In this section, which is being developed as time permits, methods used at INVAM to carefully select spores, extract DNA from individual spores, amplify a target gene region, and clone and sequence amplicons to individuate sequence variants are discussed. Only two genes have been sequenced at INVAM, with the majority pertaining to an rRNA gene.

  1. The full length beta-tubulin gene ( TUB2 ) was characterized by Msiska and Morton (2009a) and an approximate 1000 bp region was selectively amplified for phylogenetic analysis which contains three highly variable introns (Msiska and Morton 2009b). No further work was done with this gene after Msiska left the lab because fungi many clades contained more than one copy (paralogs) which would have required much greater sampling of transformant clones to sort these from orthologs that gave a truer picture of gene evolution. There are 103 sequences representing 47 species (all described) in the INVAM library (stored in a FileMaker Pro database module).
  2. A 750-800 bp region near the 5’ end of the 28S rRNA gene ( LSU ) which spans two highly variable regions, D1 and D2. A fairly extensive library had been developed before Krueger et al. (2012) developed a set of primers to amplify a region of the 18S rRNA gene (SSU), ITS, 5.8S, ITS2, and a similar length of the LSU. Because of that database, cost considerations, and our attention mostly on species-level differences, we continue to select the LSU fragment. Our analysis of its power of resolution relative to concatenation of other rRNA gene repeats, which shows only minor differences in tree topology at the genus and species levels. There are 328 sequences representing 78 species (14 of which are undescribed) in the INVAM library as of July, 2013. We are using these sequences internally to better define reference strains and the boundaries between species, especially when morphological or genetic polymorphisms are apparent.
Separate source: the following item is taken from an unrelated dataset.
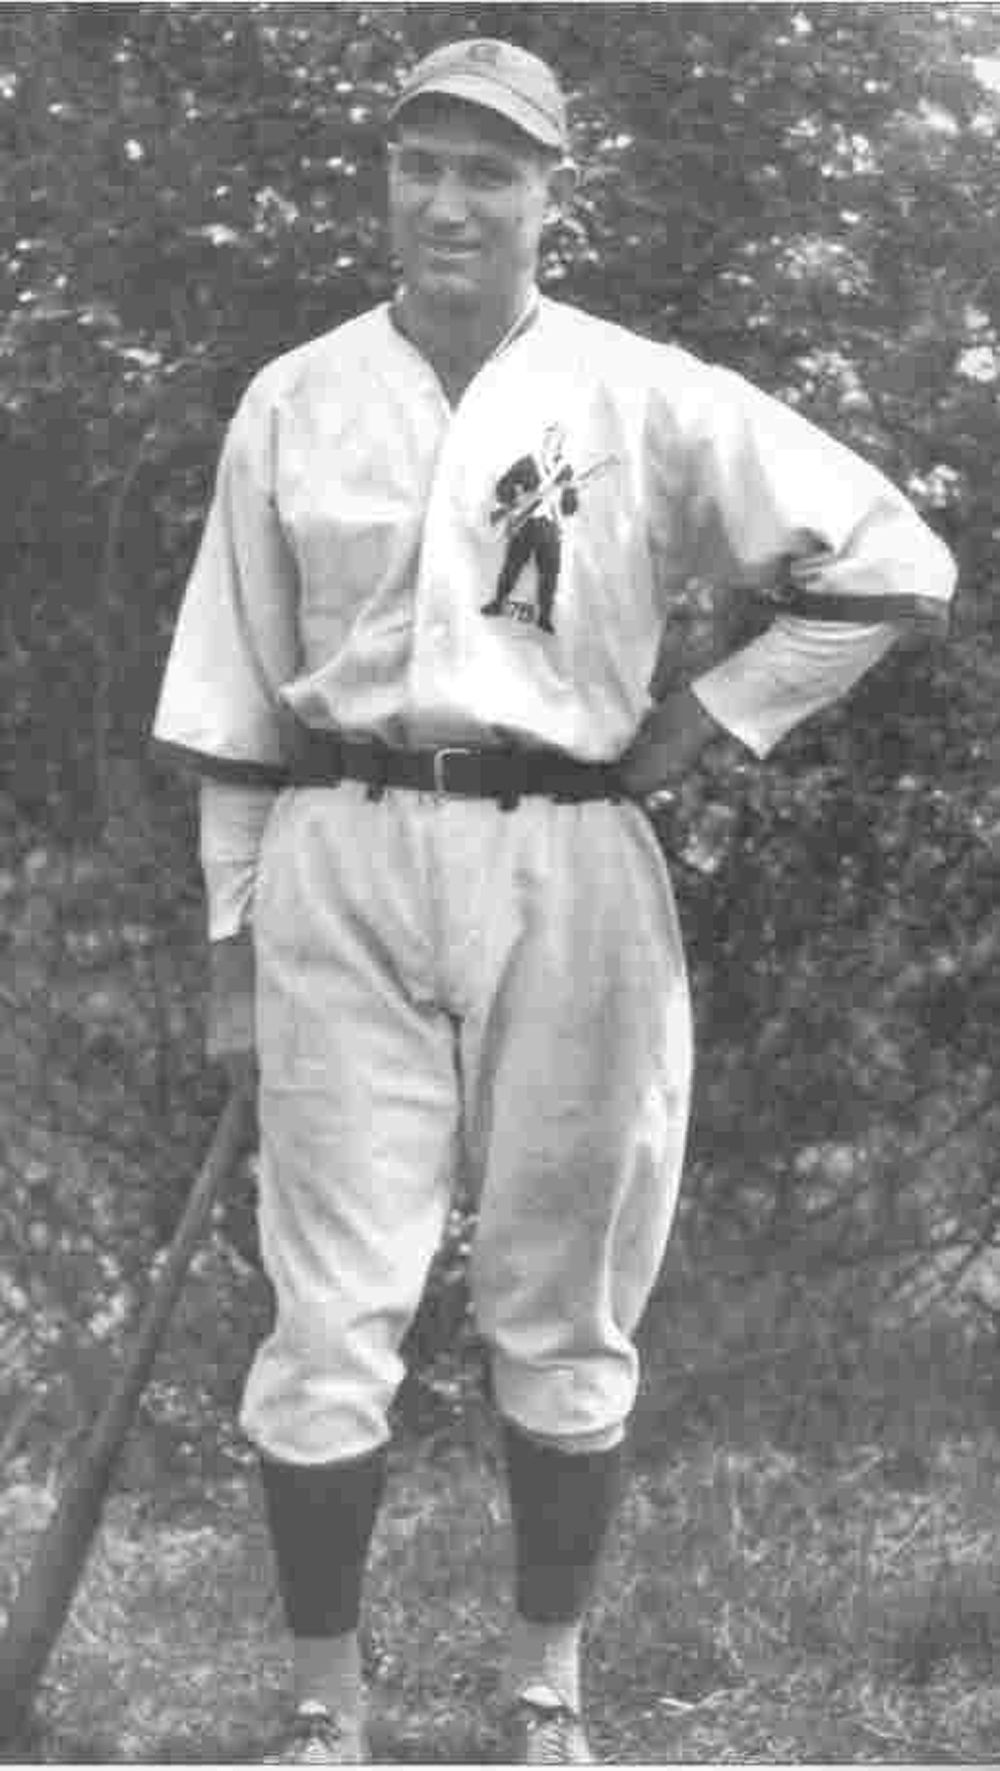 early baseball uniforms

* Krüger M, C. Krüger, C. Walker, H. Stockinger, and A. Schüßler A. 2012. Phylogenetic reference data for systematics and phylotaxonomy of arbuscular mycorrhizal fungi from phylum to species level. New Phytologist 193:970-984.

* Msiska, Z. and J.Morton. 2009. Isolation and sequence analyses of a beta-tubulin gene from arbuscular mycorrhizal fungi. Mycorrhiza 19:501-513.

* Msiska, Z. and J. Morton. 2009. Phylogenetic analysis of the Glomeromycota by a partial beta-tubulin gene. Mycorrhiza 19:247-254.